Anderson led protests against Iroquois payment of New York State income taxes in 1957. Several hundred Akwesasne Mohawks marched to the Massena, New York courthouse to burn court summons that were issued for unpaid taxes.

Tuscarora Reservoir Protest[]

The Power Authority of the State of New York seized Tuscarora Reservation land to build a reservoir to flood the land. Anderson was a key figure in the protest against the Tuscarora Reservoir, blocking surveyors from entering the reservation and deflating tires of workers, as well as laying in the road to block trucks. Despite the protest efforts, the U.S. Supreme Court eventually ruled that the taking of the land was legal and the reservoir was built.[1]

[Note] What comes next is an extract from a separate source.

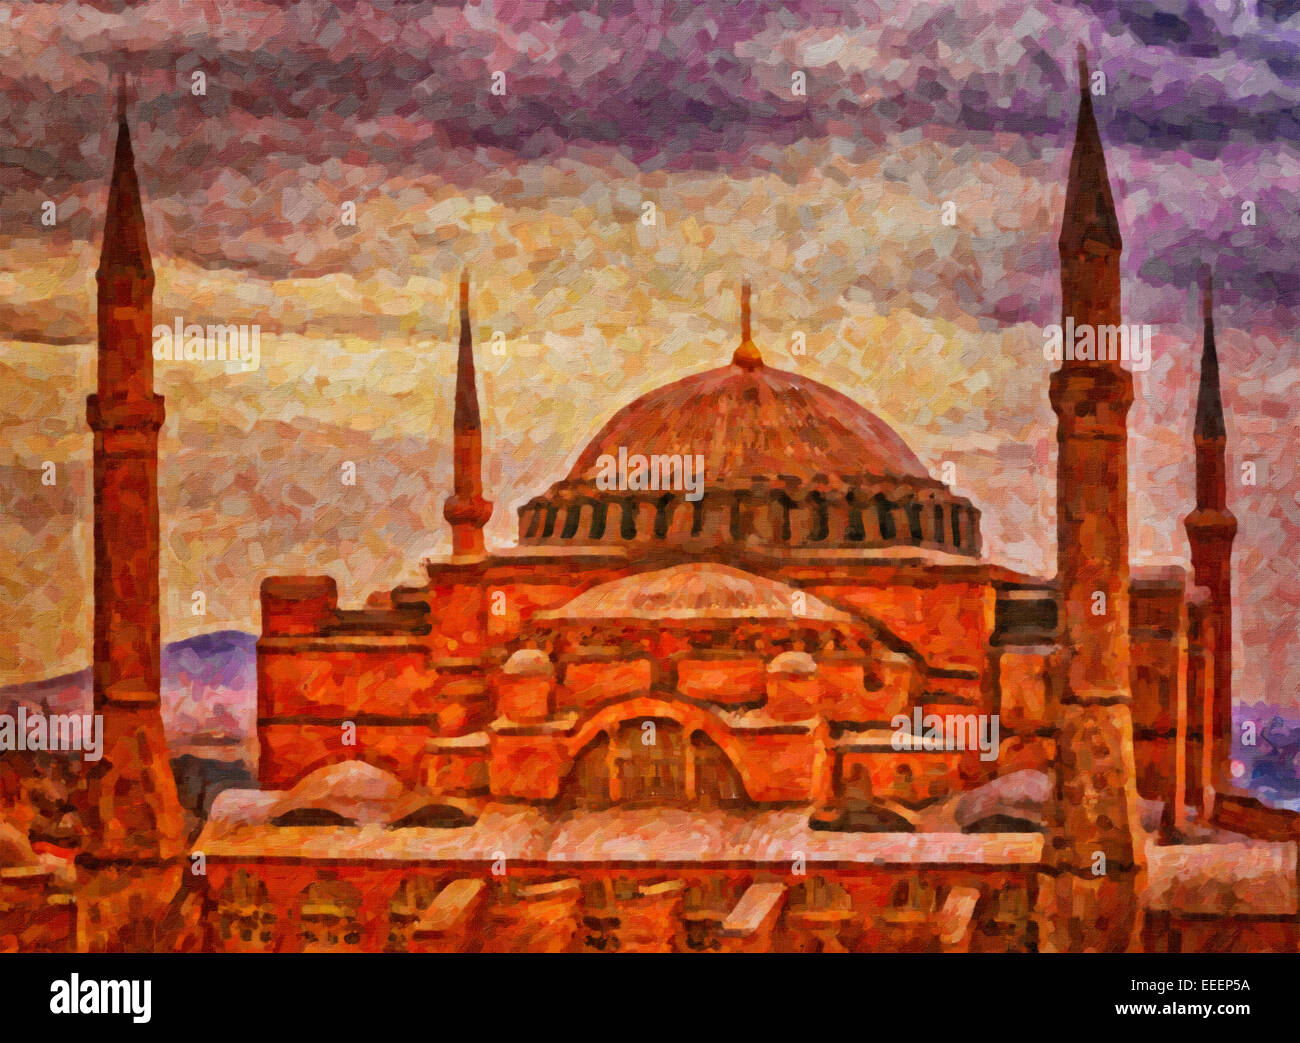 A digital painting of the impressive hagia sophia mosque situated in the turkish city of istanbul. Stock Photo

Declaration of Sovereignty[]

In March 1959, Anderson helped to lead a revolt and declaration of sovereignty at the Six Nations Reserve in Brantford, Ontario, the settlement founded by Joseph Brant. Following this declaration, twelve Royal Canadian Mounted Police entered the reserve's council house, but the Iroquois forced them out.[1]

References[]

  1. 1.0 1.1 1.2 1.3 Johansen, Bruce Elliot; Barbara Alice Mann (2000). Encyclopedia of the Haudenosaunee (Iroquois Confederacy). Greenwood Publishing Group. pp. 24–25. ISBN 978-0313308802.